Photo Caption: Senator Murray Sinclair, with his granddaughter on the day the former Chairman of the Truth and Reconciliation Commission released its Calls to Action in June 2015. He is shown with the two other commissioners Chief Wilton Littlechild and Marie Wilson. (Canadian Catholic News)

As an anti-spanking bill winds through the Senate, Cardus Family warns passing it could do “more harm than good” and still fail to prevent child abuse.

Bill S-206, introduced in December 2015 by Senator Céline Hervieux-Payette, would remove Criminal Code Section 43, which allows parents and teachers to use “reasonable force” when disciplining children in their care.

“The main problem of repealing section 43 is the use of state coercion to tell parents how to parent,” says Cardus Family in a Jan. 26 publication.

Sen. Hervieux-Payette has since retired, so former Truth and Reconciliation Commission  Chair Senator Murray Sinclair is shepherding the bill, now at second reading, through the Senate.

The physical abuse many Indigenous children suffered in the Indian Residential Schools prompted the TRC to call for the repeal of Section 43 in one of its 94 Calls to Action that Prime Minister Trudeau has promised to implement.

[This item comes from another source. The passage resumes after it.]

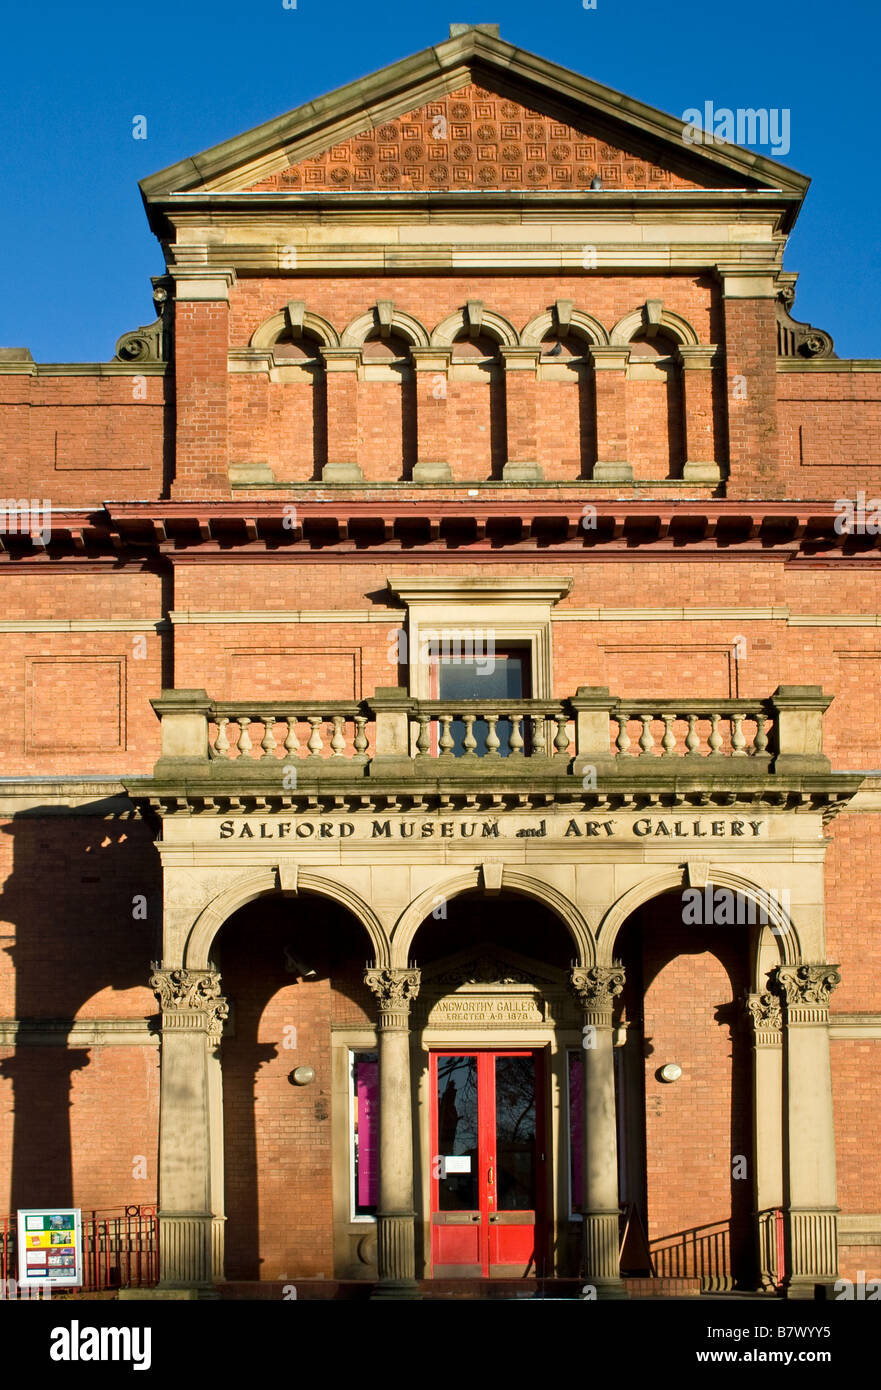 Salford Museum and Art Gallery, Salford, Greater Manchester, UK. Stock Photo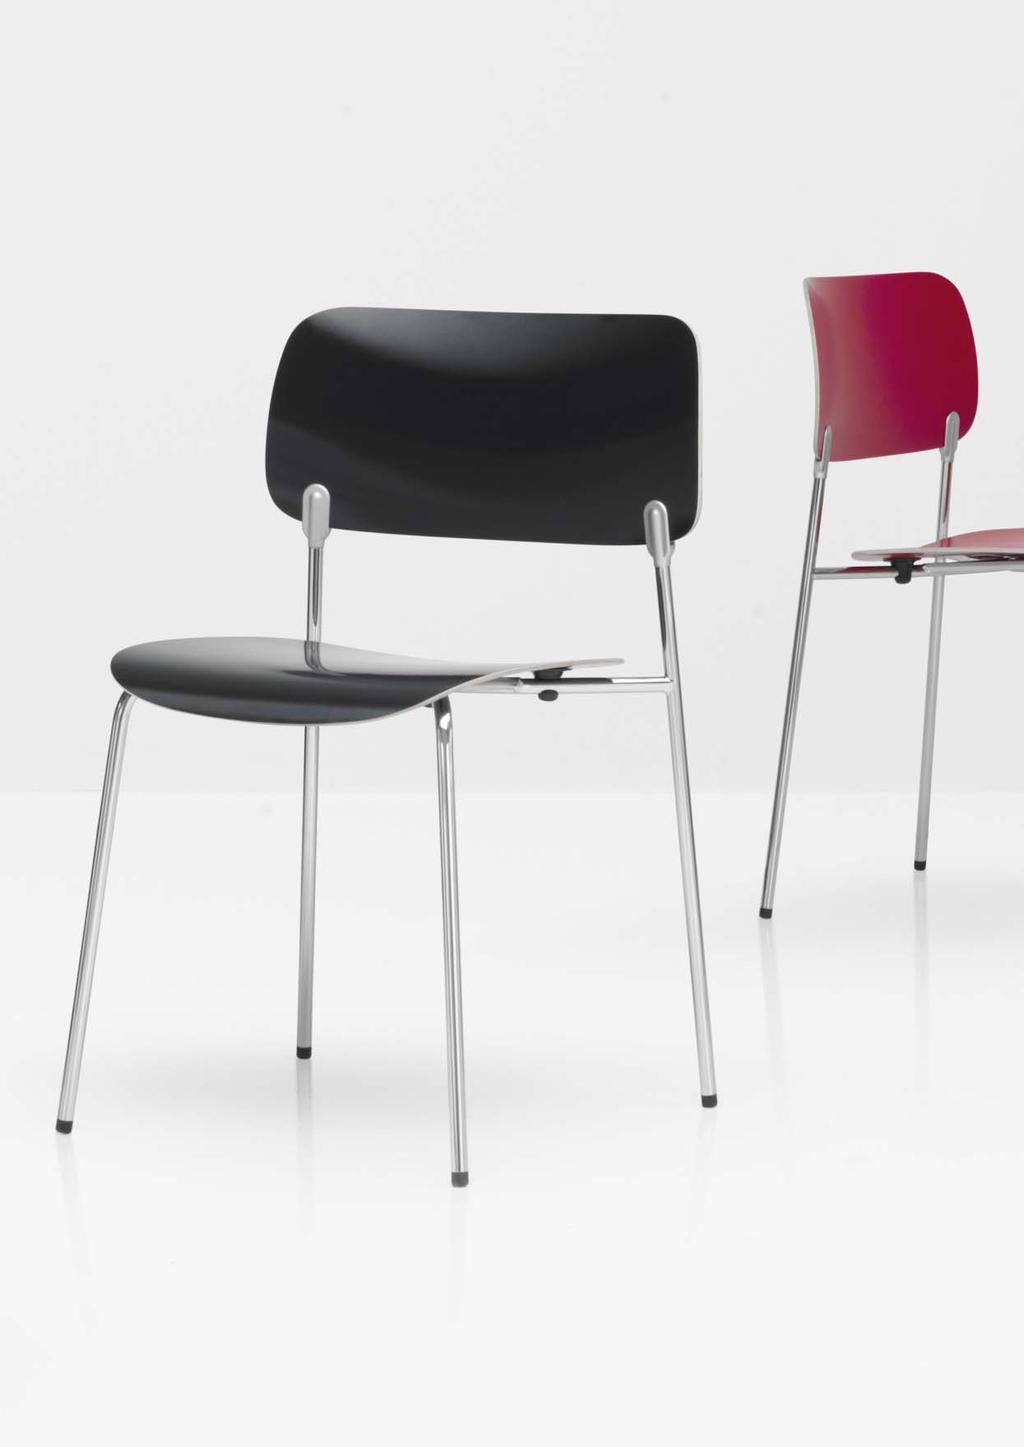 SPOT DESIGN ANTTI KOTILAINEN SPOT represents a new generation of the successful CHIP chair. The extreme lightness and the design is pure minimalistic.

In “Parental Discipline: The Case for Keeping Section 43,” Cardus Family said the abuse experienced by First Nations children “would be clearly illegal even with Section 43.” The abuse started with forcibly removing the children from their homes, Cardus Family argues. “This abuse stemmed from interference with parents, just as repealing Section 43 likewise interferes in the lives of parents.”

In a review of countries where bans on force are in place, Cardus Family found “children have been removed from their homes unnecessarily.”

“The removal of Section 43 will put good parents at risk of criminal sanction and will not help protect children from abuse,” the study says.

“Spanking bans are not an example of evidence-based policy making,” said Andrea Mrozek, program director for Cardus Family. “Repealing Section 43 would give the government another opportunity to intrude into the homes and lives of loving parents seeking to discipline their children reasonably.”

The report shows many of the studies linking spanking to harm fail to distinguish between “spanking used appropriately and abuse.”

Since Sweden banned reasonable force in 1979, criminal assaults by and against minors have “sky-rocketed in Swedish criminal statistics,” and children under seven have experienced an increase in child abuse 21 times higher than previously, the study says. In Sweden minor-against-minor violence is up 23 times higher than just after the ban.

Cardus Family points out fewer parents in Canada are opting for spanking when disciplining their children.

The think tank is not advocating spanking as the only tool in a parent’s disciplinary toolbox. “Those in favour of the limited use of reasonable force do indeed mean limited and are against not only abuse but also the overly frequent use of reasonable force,” the study says.

“Parents struggling to cope with defiant young children, at danger of hurting themselves, who use one or two swats on the bottom should know there is no compelling research to suggest this is harmful,” the study says. “Parents need to be able to decide how they are going to discipline their children, and this may not include the use of reasonable force, but it may.”